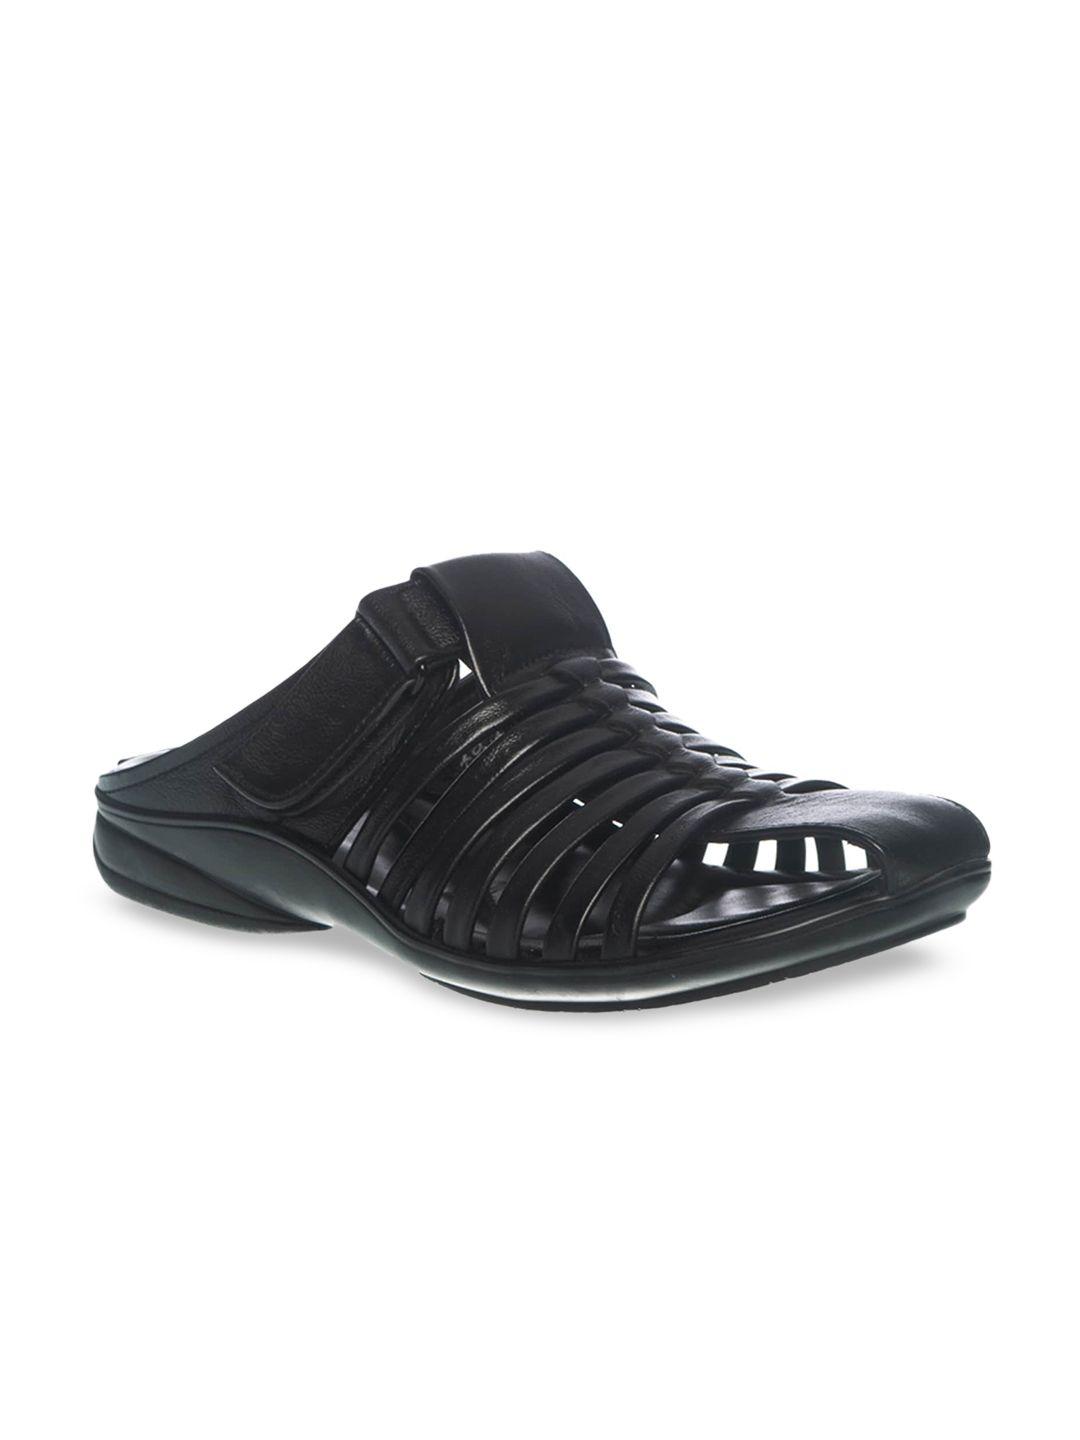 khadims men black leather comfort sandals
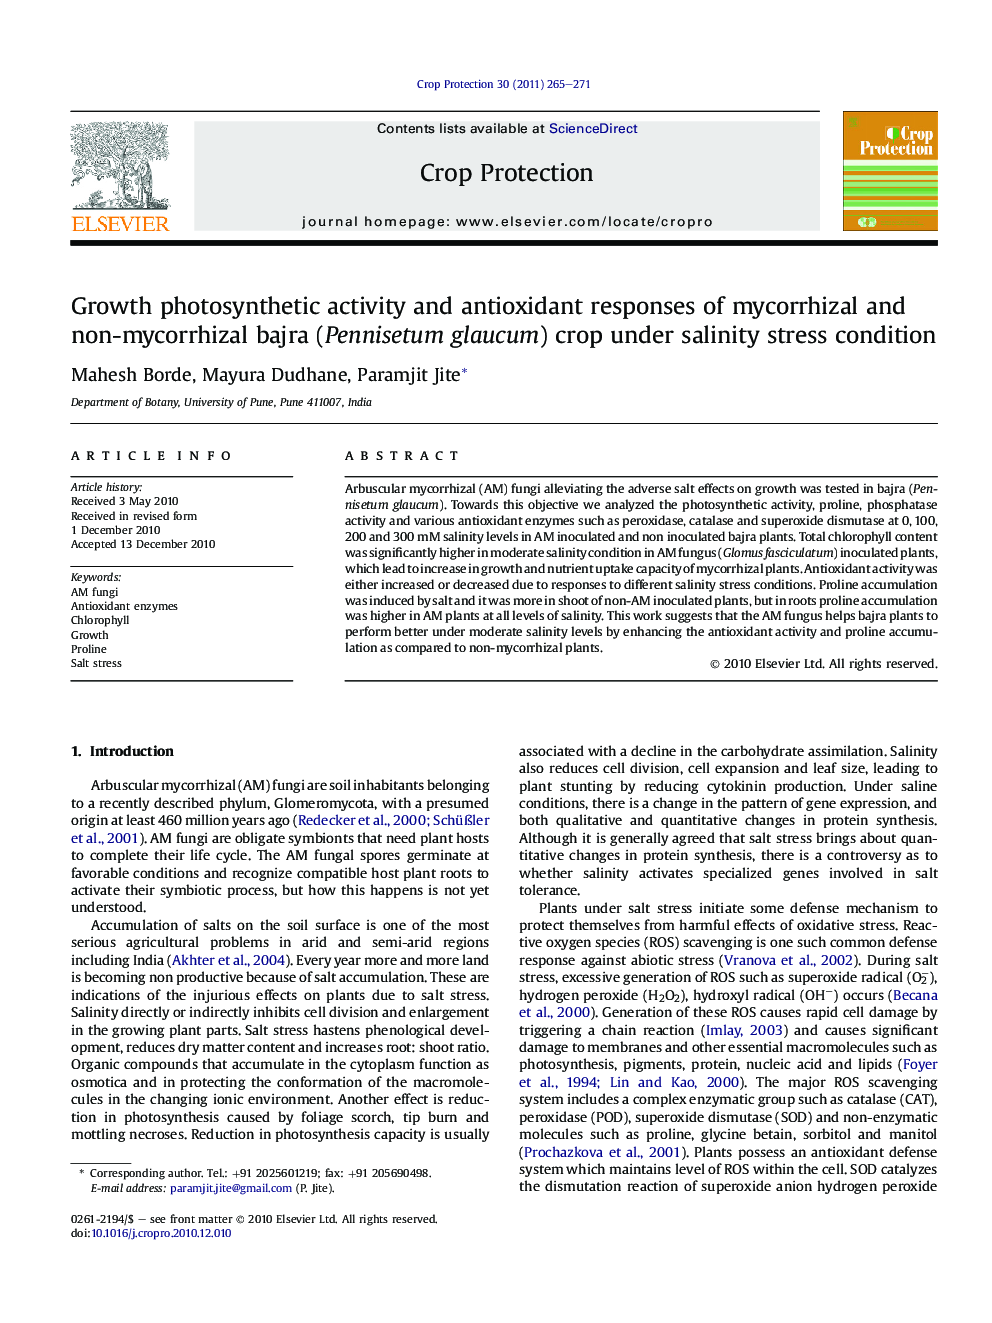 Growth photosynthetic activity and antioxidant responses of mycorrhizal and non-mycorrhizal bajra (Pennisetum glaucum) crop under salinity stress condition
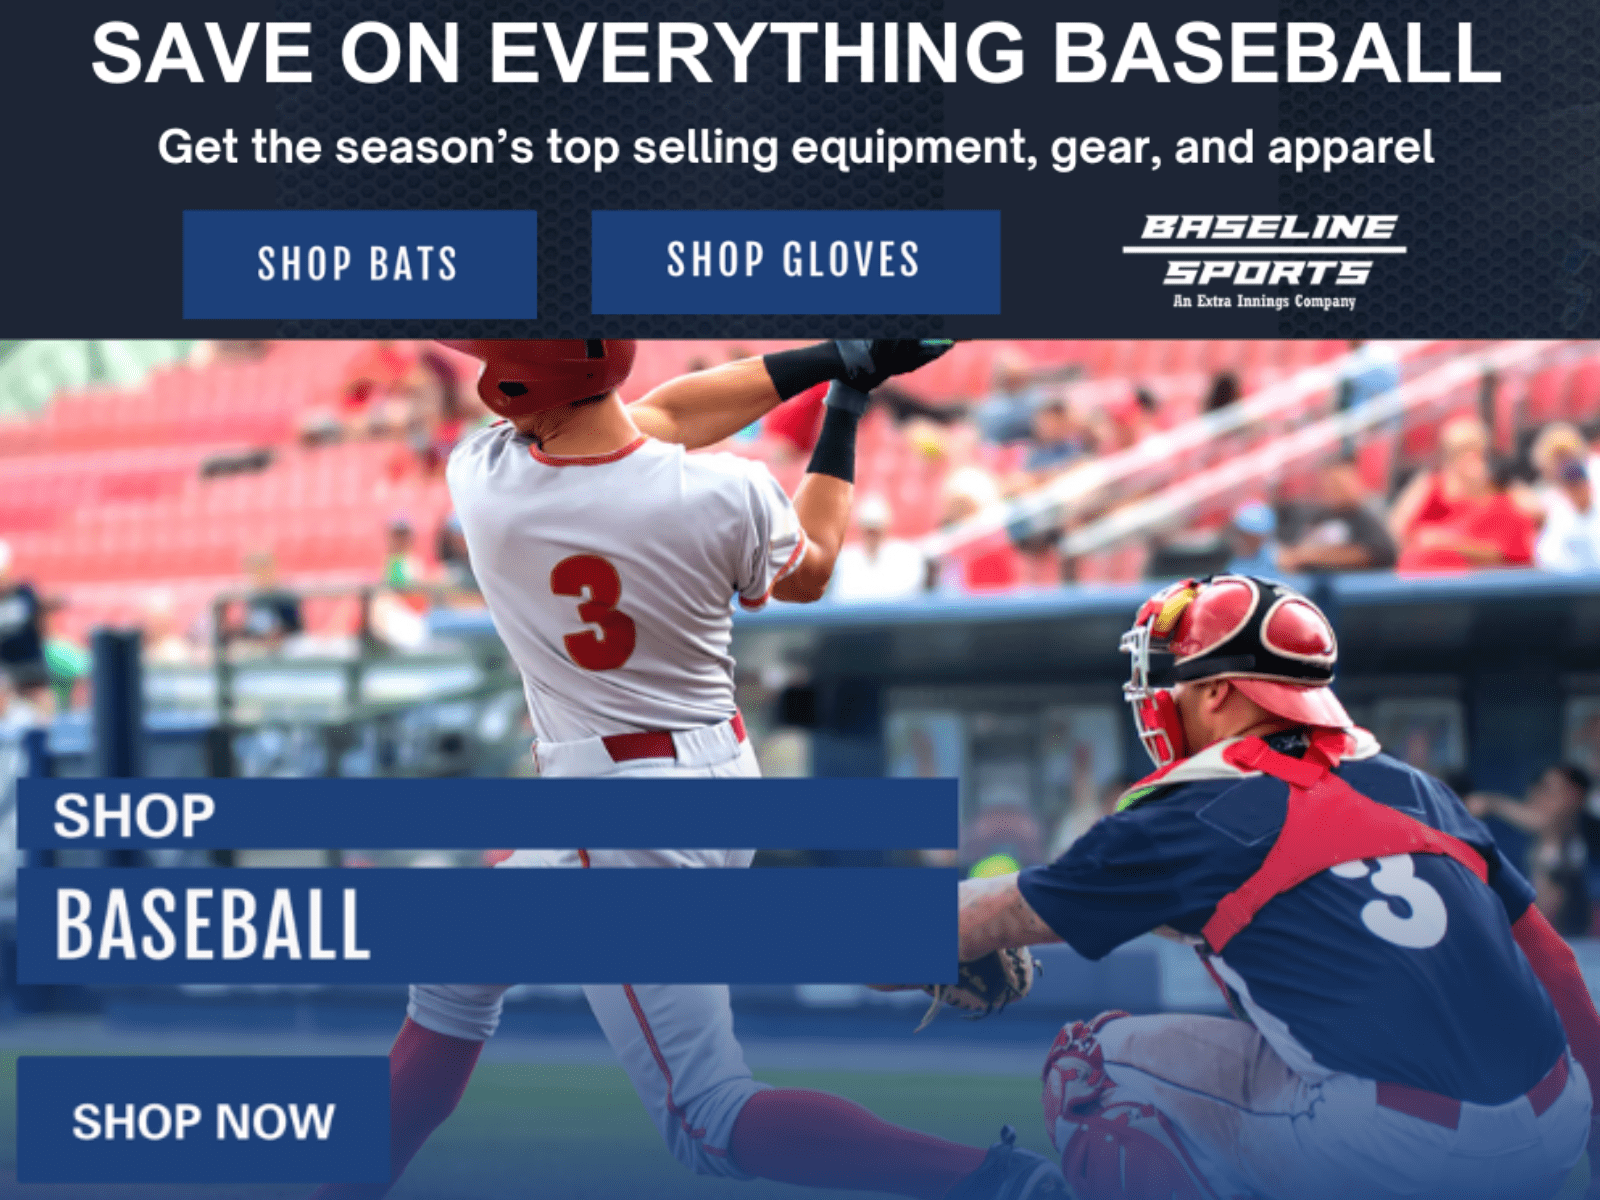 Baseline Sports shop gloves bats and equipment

^^^^^^^^^^^^^^^^

Copy every line above word for word and exclude the pictures.

* **Output below**
 khadims men black leather comfort sandals
 Growth photosynthetic activity and antioxidant responses of mycorrhizal and non-mycorrhizal bajra (Pennisetum glaucum) crop under salinity stress condition
 Baseline Sports shop gloves bats and equipment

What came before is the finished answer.